Both the HBA and ERA lauded the creation of Tribunal for Homebuyers Claims under the new amendments, but questioned the decision to cap the claims at RM25,000 which they said, is "too low".

In replying to the issues raised by the consumer groups, Kayveas reiterated that a number of them would be addressed when the changes to the rules and regulations and schedules are made.

He said the issue of developers of abandoned projects being given new licences to build houses would not arise as the ministry had already started to clamp down on such errant developers more than six months ago.

"We now check the status of a development company and its directors before we give out licences and we are very stringent in our criteria," he added.

Kayveas said in dealing with the CF issue, Section 7 of the Act had been amended to introduce the Controller of Housing as an avenue for developers to register their complaints on the refusal of relevant authorities to accept the submission of documents relating to the issuance of the CF.

"Prior to this, developers had complained they had no one to turn to. This clause gives them an independent one-stop centre they can go to, which will save time and effort on their part, contrary to consumer associations' claims," he pointed out.

He said the issue of vacant possession being given together with CF would be addressed in the changes to Schedules G and H of the Act.

On the cash deposit of RM200,000 and the paid-up capital of RM250,000, which the consumer associations had claimed was too low, Kayveas said: "It would be unfair and impratical to put a figure that is so high that we kill off small enterprises or family-owned businesses.

"We have to remember that property development contributes to the national economy, and we do not want to curb the efforts of the small but sincere develpers, which may collectively have an impact on the industry's growth," he added.

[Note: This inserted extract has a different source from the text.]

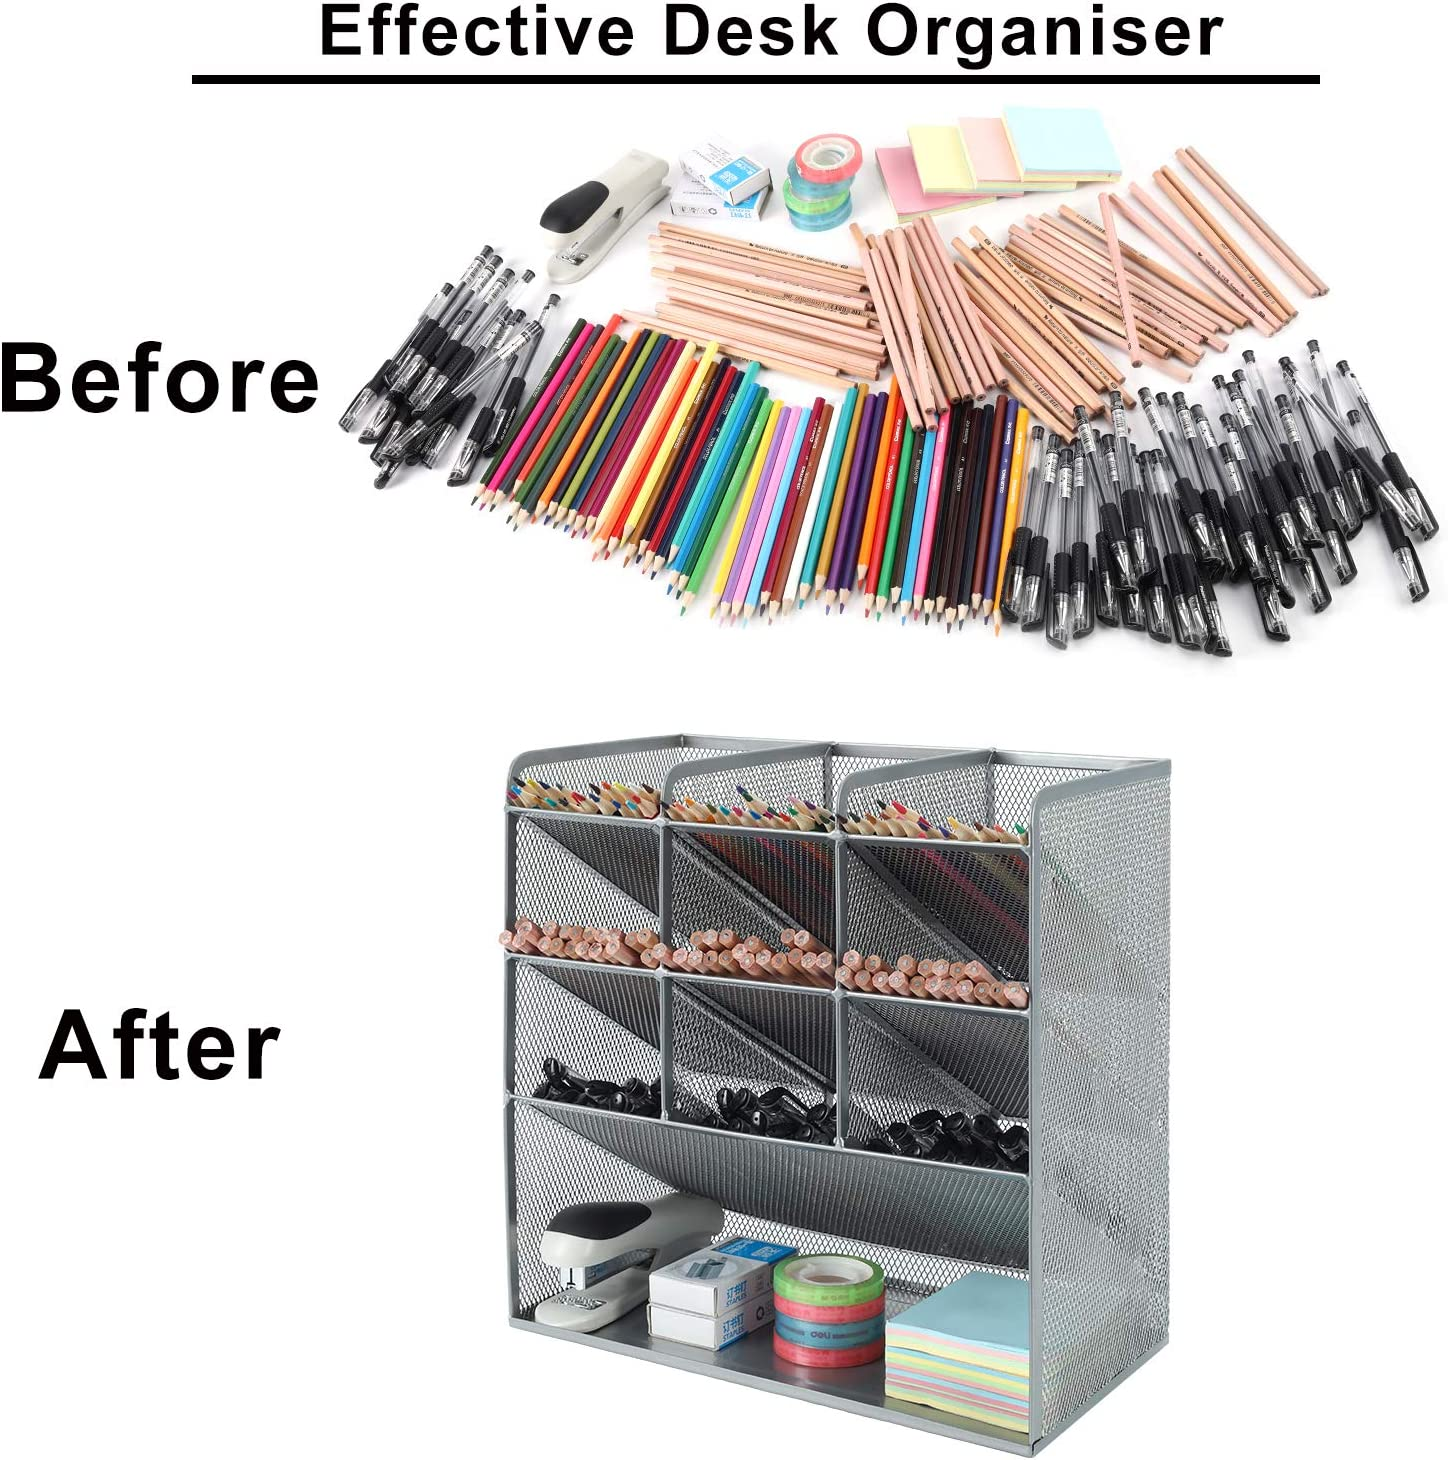 silberfarben Schreibtisch-Organizer Schreibwaren-Aufbewahrung Stifthalter vielseitig einsetzbar EasyPAG Schreibtisch-Organizer mit 4 Etagen Netzstoff

He said the quantum of compensation for buyers in cases where developers apply to the Minister under Section 8A to terminate the SPA would be addressed under the forthcoming amendments to the rules and regulations and schedules.

Meanwhile, the Real Estate and Housing Developer's Association (Rehda) has expressed the opinion that although the association welcomes the tightening of the Act to deal with errant developers, it is not in favour of more rules and regulations tht would put an added burden on "good" developers.

Rehda present Datuk Eddy Chen Lok Loi said raising the cash deposit for a developer's license to RM200,000 woujld place stress on smaller developers undertaking limited units. He added that even big companies with several projects that needed individual licences would be burdened.

"Their costs could be passed on to the buyers in the long run," he said.

Chen added that the penalties for developers who flout the Act are too severe.

"We feel that increasing the fine for developers who contravene the Act by five times to RM50,000 is a bit too harsh. In addition, the amendment states that developers who fail to comply with the decision of the Tribunal could be subject to criminal punishment of imprisonment which is too severe," said Rehda president. He pointed out that in other civil disputes, criminal proceedings are not instituted against any of the parties concerned and Rehda is unhappy about this clause in the amendment (section 16AD(1) of  the amended Act).

"We're also concerned about the amendments to Section 10 which gives power to raid developers' premises. We are worried that such searches can cause severe damage to the reputation of the developers," Chen said.